In the companion report, Sebag et al. explore the role of Mrap2 in a zebrafish model (Figure 1) (Sebag et al., 2013). The authors demonstrated that the paralog zMrap2a is restricted to larval development whereas zMrap2b is expressed in the adult. Using knockdown and expression assays, Sebag et. al show that zMrap2a abrogates MC4 receptor signaling, thereby stimulating larval growth, whereas zMrap2b mimicks mammalian Mrap2 by increasing the receptors sensitivity to ligand (Figure 1). The authors predict that the differential expression and regulation of zMrap2a and zMrap2b is necessary to properly regulate energy needs throughout lifespan. It is intriguing to also think of these findings within the context of metabolic alterations in the pre- or peri-natal environment that may be linked to long lasting metabolic effects in the offspring.

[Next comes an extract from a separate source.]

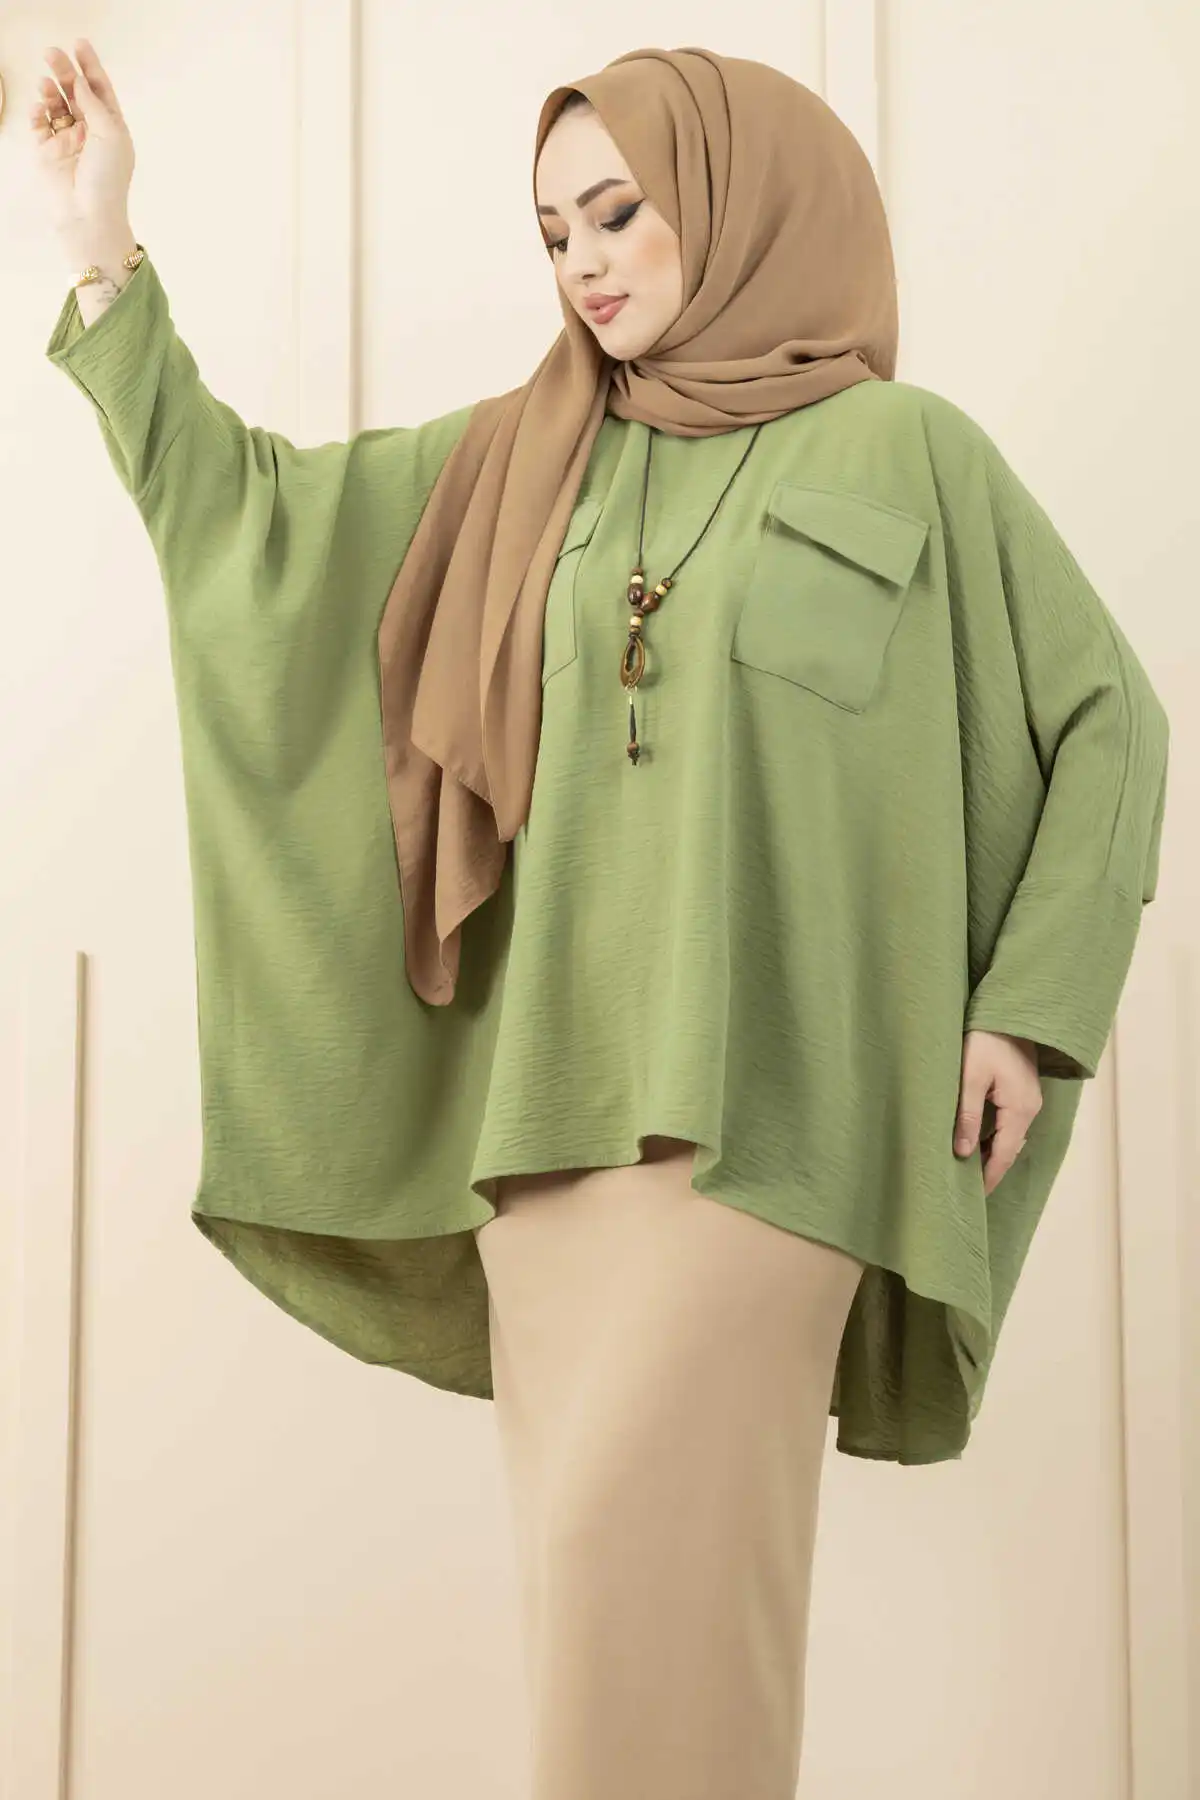 Pocket Top Women's Turkey Blouses Large Tunic Hijab Long Shirt Islamic Clothing Ramadan Turkish Clothes Free Shipping 2022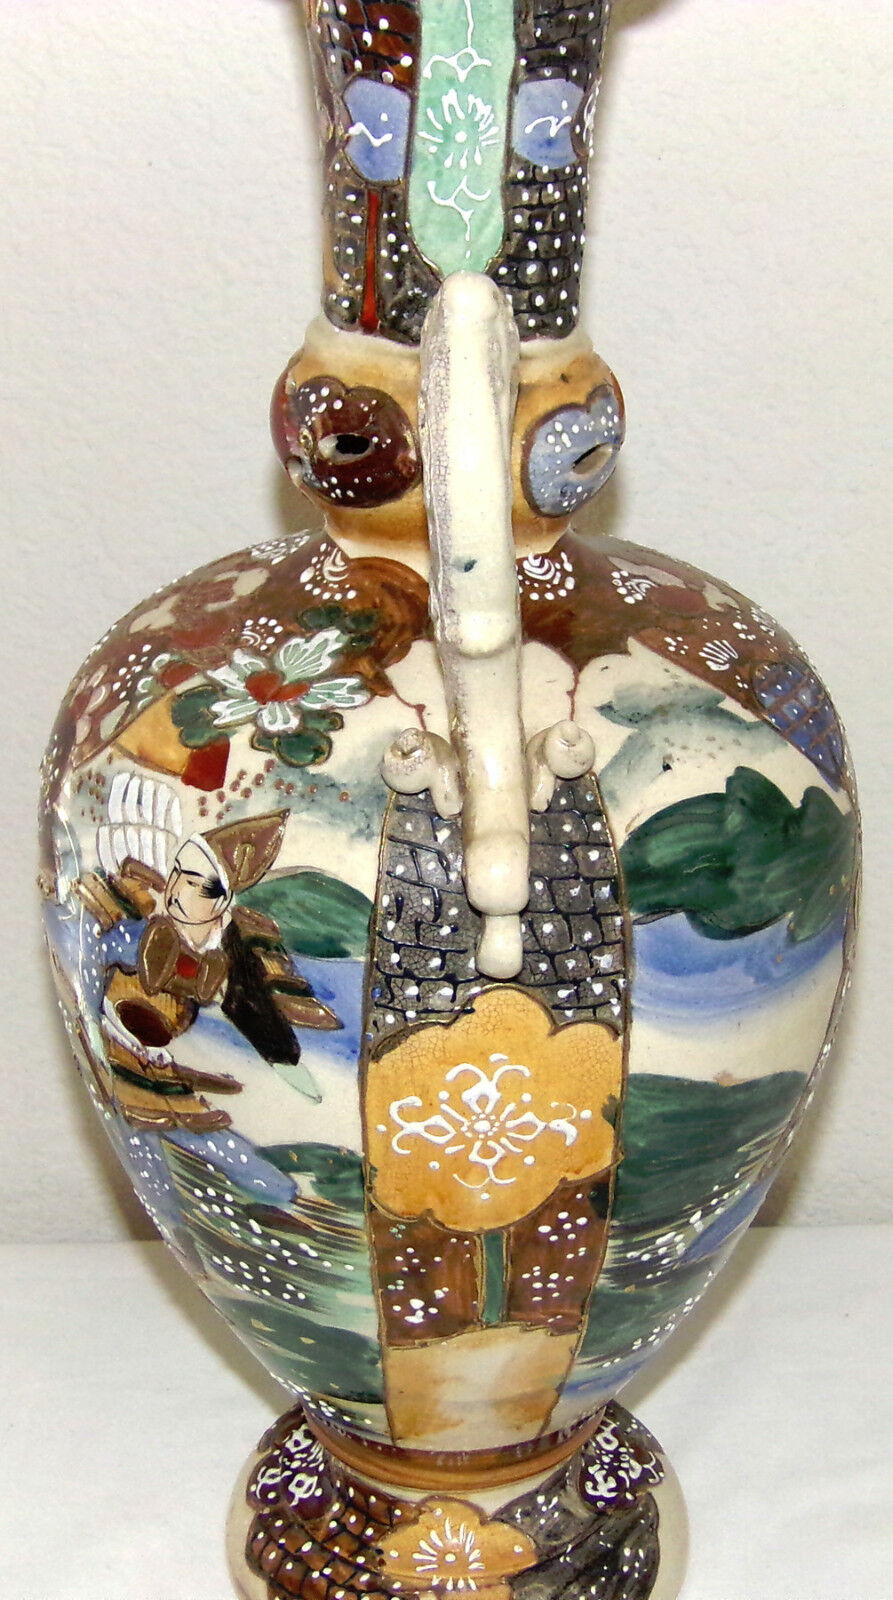 Antique Japanese Satsuma Samurai Warrior Urn Vase c.1910 Meiji Period Urn Vase

To date, very few compounds have been successfully developed to treat obesity. This is due, at least in part, to the inherent difficulty in developing agents that regulate food intake and energy expenditure. In particular, compounds that increase energy expenditure can result in generalized increased sympathetic nerve activity which is frequently associated with deleterious side effects. Given their key role in regulating metabolism, MC4 receptors are compelling candidates in the search for therapeutic targets for the treatment of obesity (Wikberg and Mutulis, 2008). However, evidence for melanocortin receptor-induced changes in blood pressure have raised concerns about MC4 receptors in the treatment of obesity (Greenfield et al., 2009; Sohn et al., 2013; Wikberg and Mutulis, 2008). Furthermore, MC4 receptors have been implicated in anorectic conditions including cachexia (Marks et al., 2001). The companion reports demonstrate that Mrap2 accessory proteins differentially regulate the activity of MC4 receptors - by activating or inhibiting MC4 dependent signaling. Thus, it may be possible to develop novel strategies for altering specific activities of MC4 receptors, which may provide avenues for promoting the beneficial effects of MC4 receptors on metabolism while minimizing the adverse side effects.

The current studies raise many questions for future investigation. For instance, the functional relationship between Mrap2 and MC4 is not fully understood. Mice deficient for Mrap2 do not display all of the metabolic hallmarks of MC4 receptor deficiency, suggesting that Mrap2 may regulate other melanocortin receptors. In addition, it remains possible that Mrap2 expression in peripheral tissues also contributes to metabolic regulation outside the CNS. Furthermore, Sebag et. al. predict that the Mrap proteins likely regulate the activity of other GPCRs as well, which would extend the complexity of the physiology of this family of proteins. In terms of their role in obesity, it remains to be determined whether additional Mrap2 variants are involved in the pathogenesis of the more common forms of obesity. Finally, in order to develop pharmacotherapy for the treatment of various metabolic disorders, future work will need to clarify how many factors are involved in the regulation of melanocortin receptors, and their specific molecular mechanisms.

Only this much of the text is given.